Lentil Spinach Stew


I rode my bike over sixty miles in two days and ate tacos Thursday, Friday (x2 since I had leftovers for breakfast), and Sunday. And the weather was amazing. So, basically this weekend couldn’t have been much better. Joe and I also checked out the Rumsy St. ArtPrize installations, ventured to Harmony Hall, and met Margs for an entertaining round of drinks amidst some of the most interesting soccer fans I’ve ever encountered. Understandably, a hearty, comfort-like food was the only option for my jars this week. Cheers to fall!

Serves 4

  • 1 Tbsp coconut oil
  • 1 red onion, diced
  • 3 garlic cloves, minced
  • 1 Tbsp fresh ginger, peeled and minced
  • 1 Serrano chili pepper, seeded and minced
  • 1 tsp ground cumin
  • 1 tsp garam masala
  • Coriander to taste (I just added a few shakes)
  • 1 15-ounce can diced tomatoes
  • 1 cup water
  • 1 tsp sea salt, plus more to taste
  • 1 15-ounce can coconut milk
  • 1 cup lentils (I used green, but red would also work)
  • 5 ounces spinach

Heat the oil on medium high head in a large pot or Dutch oven.
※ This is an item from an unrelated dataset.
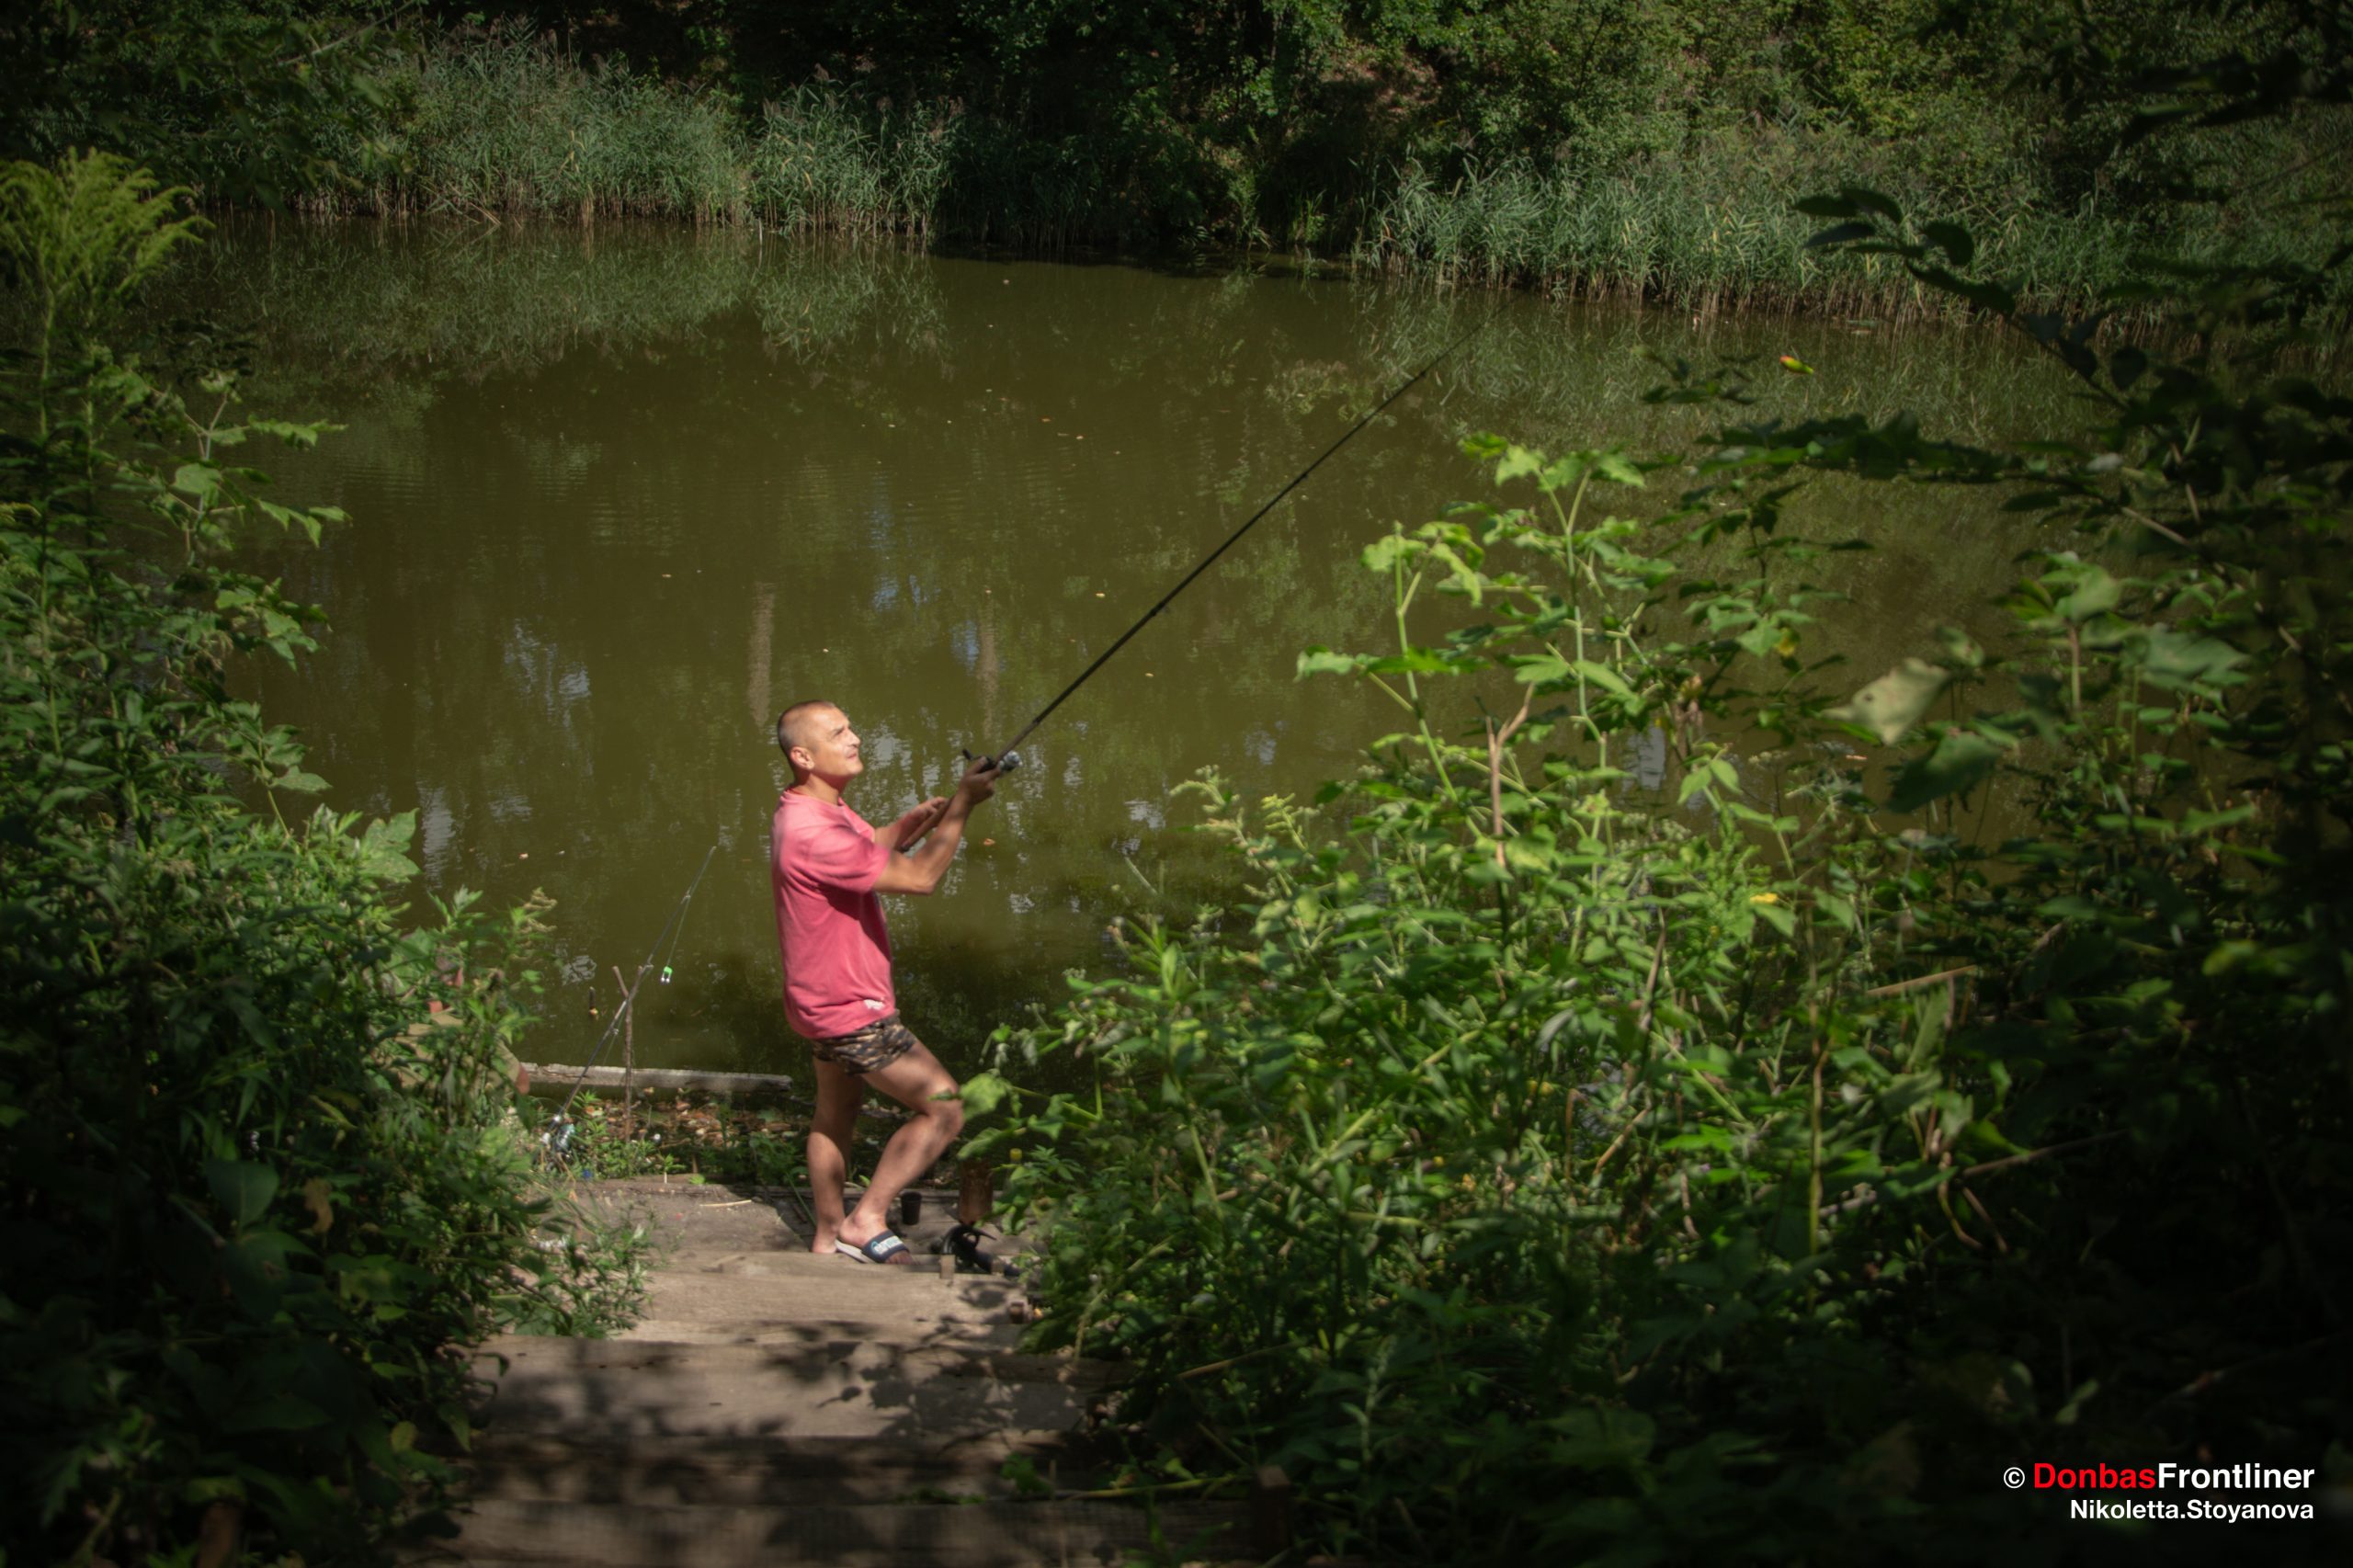 Donbas Frontliner / Рибалка на річці біля Центру

Sauté the onions until soft (about five minutes). Add the garlic, ginger, Serrano, cumin, garam masala, and coriander. Cook until fragrant, about two minutes. Add the tomatoes and cook until the liquid has reduced, about five minutes. Add the coconut milk and water. Bring to a boil, stir in the lentils, and then reduce the heat to medium low. Cook until the lentils are tender, 35-40 minutes, stirring occasionally. Mix in the spinach and cook another three to four minutes. I served it over brown rice, but there are lots of options! Quinoa would be great.

Adapted from this recipe.

Biking made me like my city just a little more!